Data section>
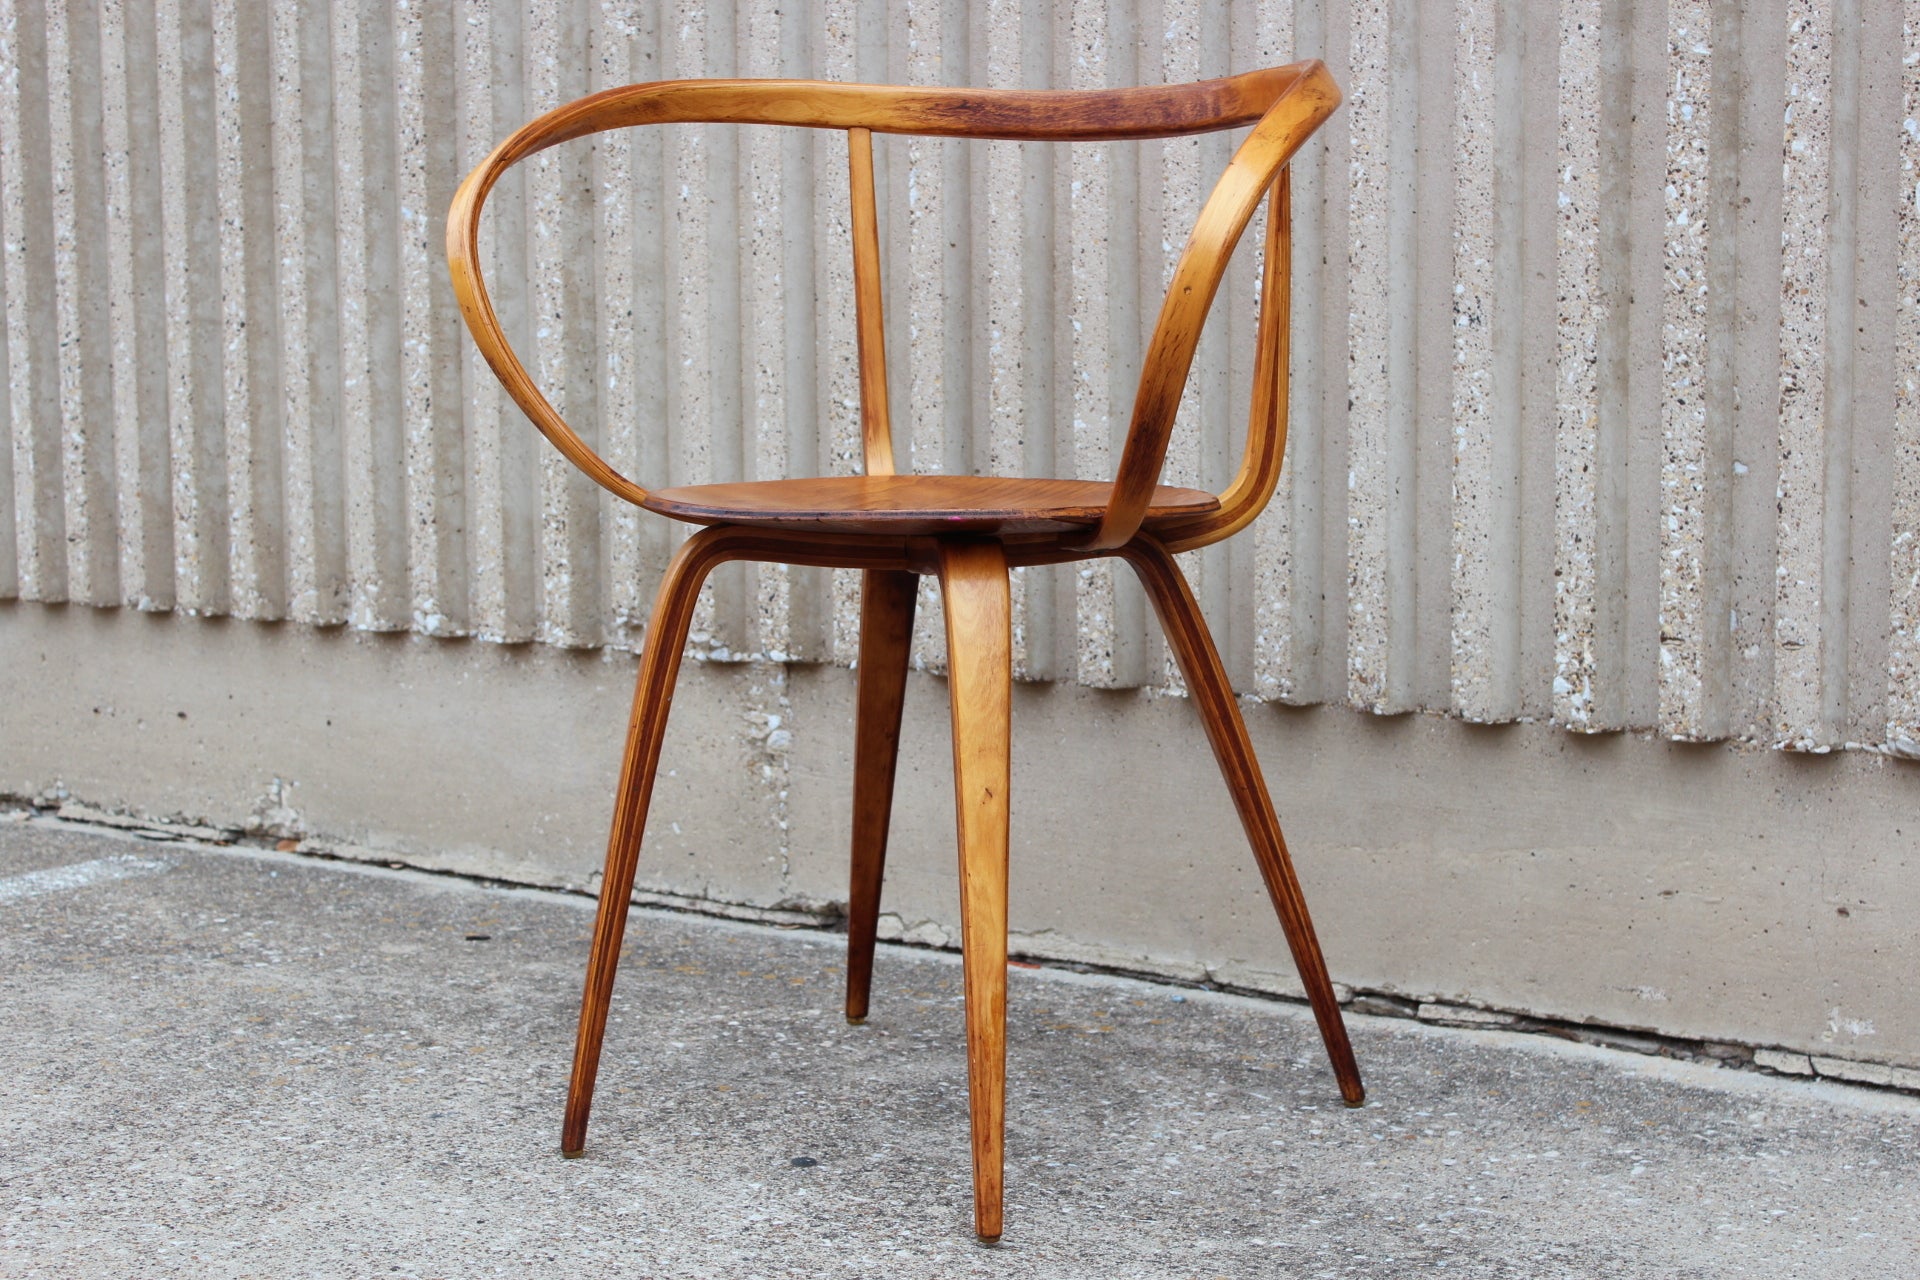 The Pretzel Chair by George Nelson
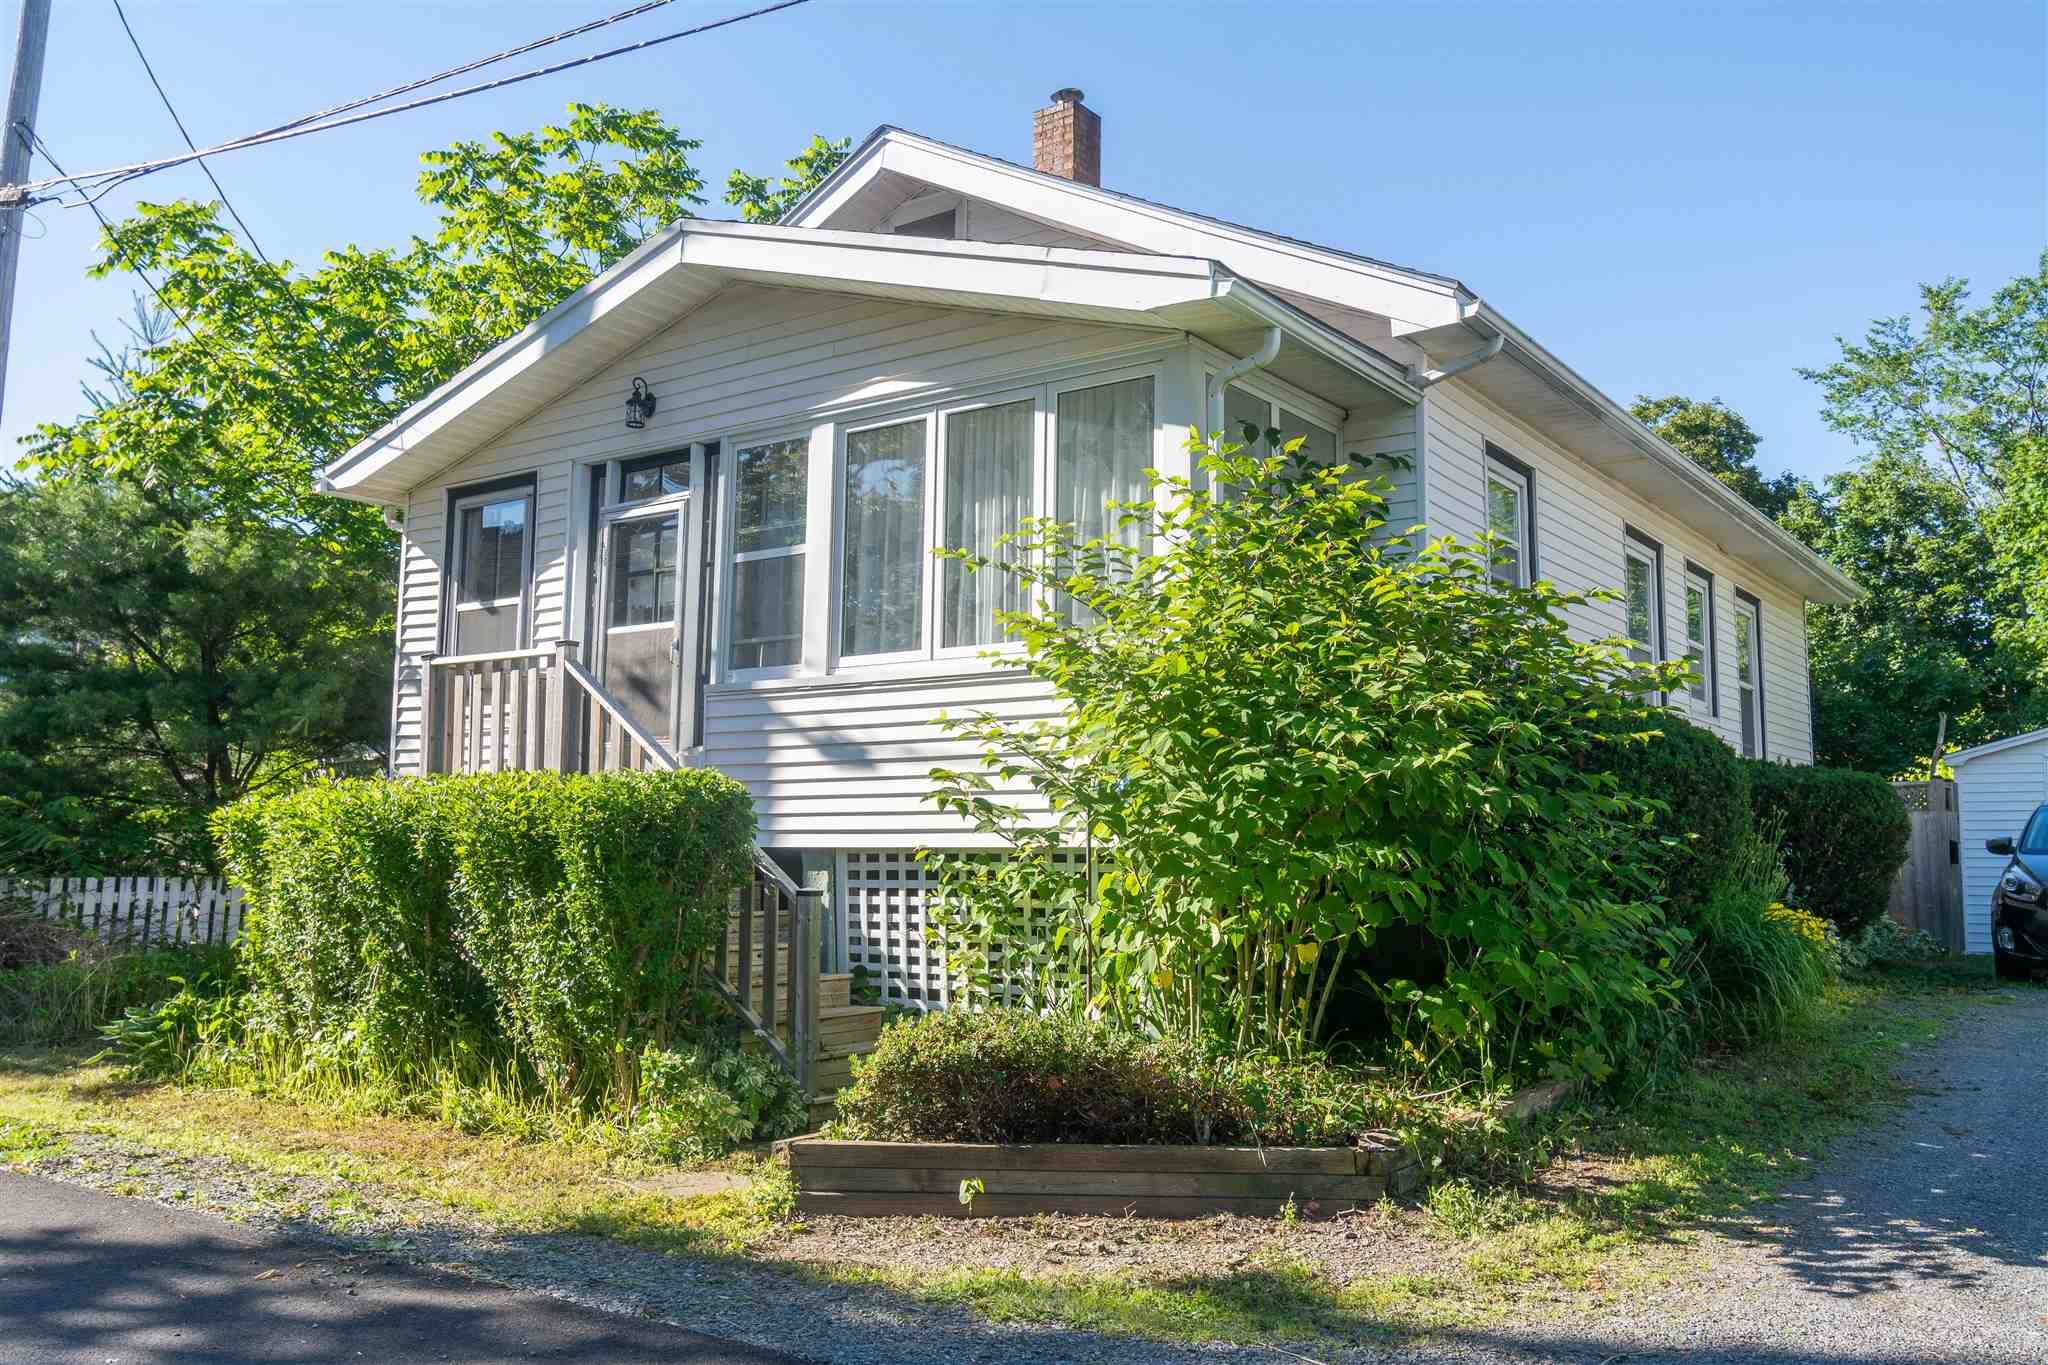 Main Photo: 171 Munroe Street in Windsor: 403-Hants County Residential for sale (Annapolis Valley)  : MLS®# 202116941
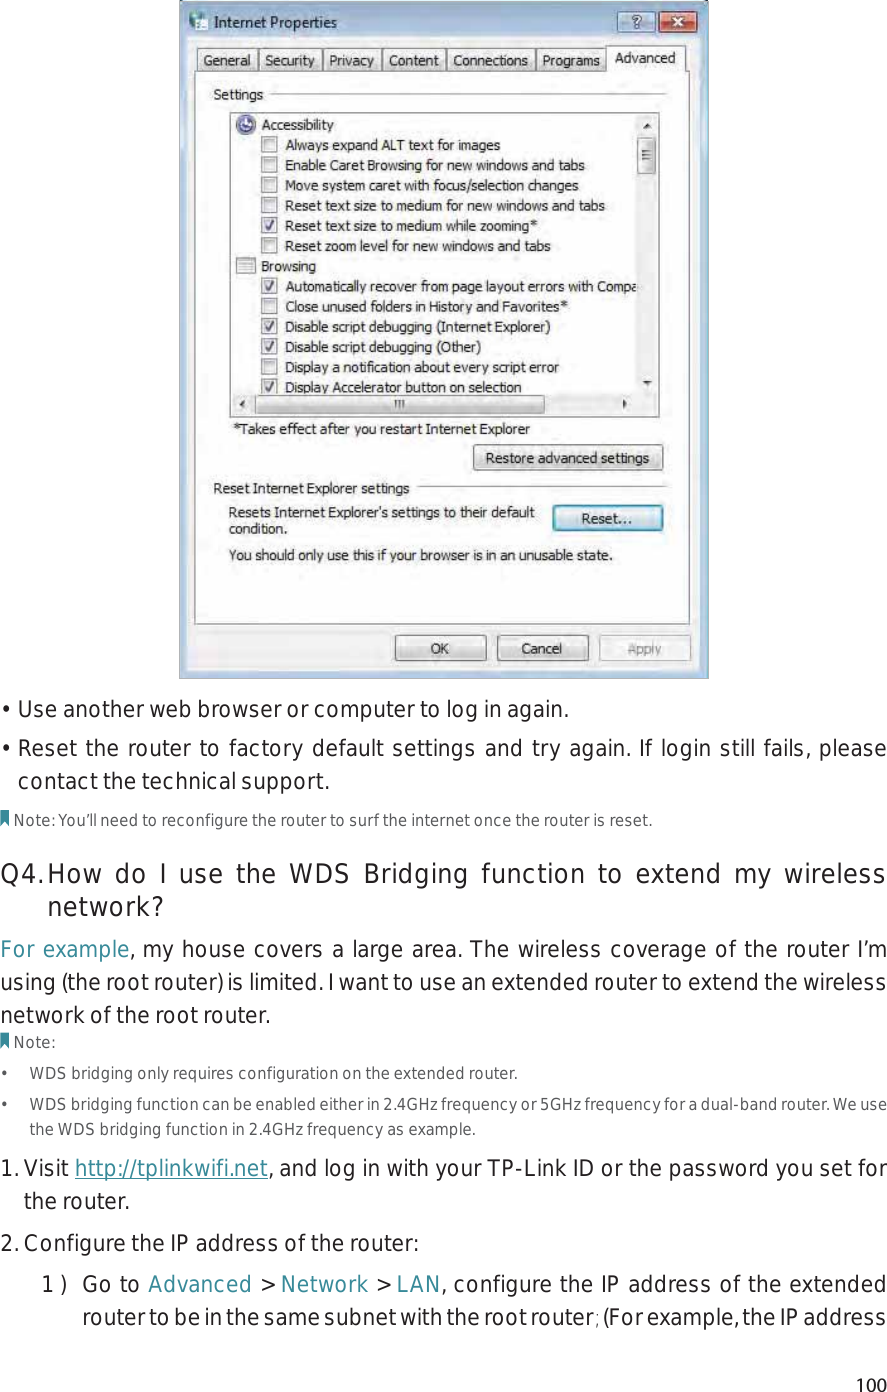 100• Use another web browser or computer to log in again.• Reset the router to factory default settings and try again. If login still fails, please contact the technical support.Note: You’ll need to reconfigure the router to surf the internet once the router is reset.Q4. How do I use the WDS Bridging function to extend my wireless network?For example, my house covers a large area. The wireless coverage of the router I’m using (the root router) is limited. I want to use an extended router to extend the wireless network of the root router.Note:•  WDS bridging only requires configuration on the extended router.•  WDS bridging function can be enabled either in 2.4GHz frequency or 5GHz frequency for a dual-band router. We use the WDS bridging function in 2.4GHz frequency as example.1. Visit http://tplinkwifi.net, and log in with your TP-Link ID or the password you set for the router. 2. Configure the IP address of the router:1 )  Go to Advanced &gt; Network &gt; LAN, configure the IP address of the extended router to be in the same subnet with the root router; (For example, the IP address

What is being asked>
Repeat the lines exactly as they stand, from the opening line of the data through the line with "Main Photo: 171". Pictures stay out of the copy.

Result for this task>
 The Pretzel Chair by George Nelson
 Main Photo: 171 Munroe Street in Windsor: 403-Hants County Residential for sale (Annapolis Valley)  : MLS®# 202116941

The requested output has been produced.